• car2go_map.py

  • ¶

    This script by Nicolas Kruchten was used to generate a map for a CBC.ca article showing the spatio-temporal distribution of available Car2Go vehicles in Montreal over a 30-day period during the summer of 2016. more details »

  • ¶

    pandas and scikit-learn are used to manipulate the data, folium to make the map, and vincent to make the popup charts.

    import pandas, math
    from sklearn.cluster import MiniBatchKMeans
    from folium import Map, CircleMarker, Vega, Popup
    from vincent import Bar
  • ¶

    The dataset contains approximately 3.2 million observations, consisting of (lat, lon, hod) tuples, where hod stands for ‘hour of day’.

    df = pandas.read_csv("lat_lon_hod.csv.gz")
  • ¶

    carh stands for ‘car-hours’, and since the dataset was made by querying the Car2Go API every 5 minutes, each observation means that on average, a car was present for one twelfth of an hour during the given hour of day at the given latitude and longitude.

    samples_per_hour = 12
    df["carh"] = 1.0/samples_per_hour
  • ¶

    Using K-means clustering, the observations are grouped into 250 spatially-contiguous zones such that each zone contains a comparable number of observations.

    df["zone"] = MiniBatchKMeans(250).fit_predict(df[["lat", "lon"]].values)
  • ¶

    A map is initialized, centered on the centroid of all the observations.

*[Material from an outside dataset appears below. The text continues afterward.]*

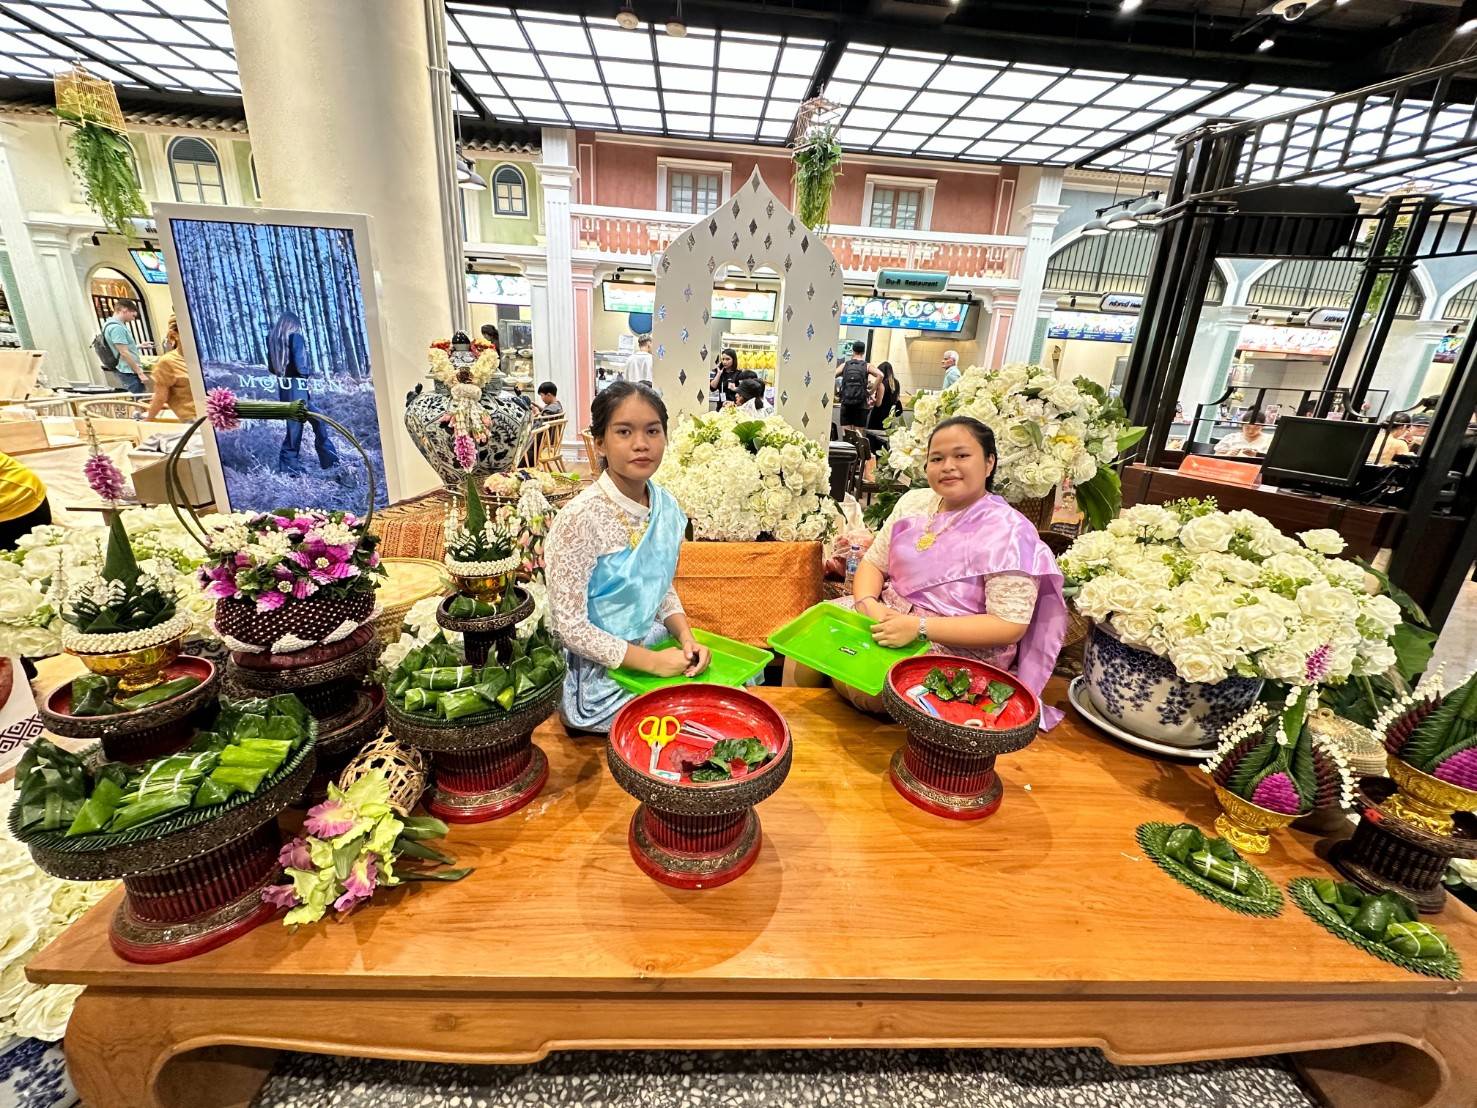 วันที่ 1-14 เมษายน 2567 แผนกวิชาคหกรรศาสตร์ ร่วมจัดแสดงผลงานการประดิษฐ์งานใบตอง งานมาลัยดอกไม้สด และการแกะสลักผัก ผลไม้เพื่อเป็นการส่งเสริมศิลปะวัฒนธรรมของไทย ในงาน THAI HANDICRAFTS ณ ห้างสรรพสินค้าเซ็นทรัล ฟรอเรสต้า ภูเก็ต

    map = Map(zoom_start=12, tiles="cartodbpositron",
                 location=list(df[["lat","lon"]].mean().values))
  • ¶

    For each zone…

    zones = df.groupby("zone").agg(dict(carh='sum', lon='mean', lat='mean'))
    for i, zone in zones.iterrows():
  • ¶

    …a dataset is created containing the average number of car-hours/day by hour of day. (1 car-hour/day at a given hour of day in a given zone represents either 1 car available in the zone for the entire hour, or 3 cars for 20 minutes each, or 1 car for 20 minutes and 1 for 40 minutes, and so on.)

        num_days = 30
        carh_by_hod = df.query("zone==@i").groupby("hod").carh.sum()/num_days
  • ¶

    …a bar chart is created with this dataset, which shows the daily pattern of car availabilities. This is done by first generating a JSON description of a bar-chart in the Vega grammar, and then rendering it to a graphic.

        vega = Bar(carh_by_hod, width=450,
                   height=150).axis_titles(x='Hour of Day', y='Cars Available')
        chart = Vega(vega.to_json(), width=vega.width+50, height=vega.height+50)
  • ¶

    … and a circle is added to the map:

        map.add_child( CircleMarker(
  • ¶

    • the circle is placed on the centroid of the zone’s observations

            location = [zone["lat"], zone["lon"]],
  • ¶

    • the circle area is proportional to the total number of car-hours observed in the zone

            radius = int(6*math.sqrt(zone["carh"])),
  • ¶

    • the circle is coloured according to the hour of day with peak car availability: blues representing night-time, yellows representing day-time and reds representing evenings

            fill_opacity = 0.8, color=None,
            fill_color = ('#274cc9','#274cc9','#274cc9','#274cc9',
                '#274cc9','#3959bf','#647aa6','#909b8c','#bcbc73',
                '#e8dd5a','#f1e455','#f1e455','#f1e455','#f1e455',
                '#f0df56','#ecc45a','#e7a95f','#e28e63','#de7467',
                '#c46576','#9d5f8a','#76599f','#4e52b4','#274cc9'
                )[carh_by_hod.idxmax()],
  • ¶

    • clicking on the circle pops up the daily-pattern chart

            popup = Popup(max_width=chart.width[0]).add_child(chart)
        ) )
  • ¶

    The map is then saved to disk as an HTML file with inlined data, Javascript and CSS information. This is very convenient for collaborating with colleagues without sending a large number of files or requiring them to run this script.

    map.save('map.html')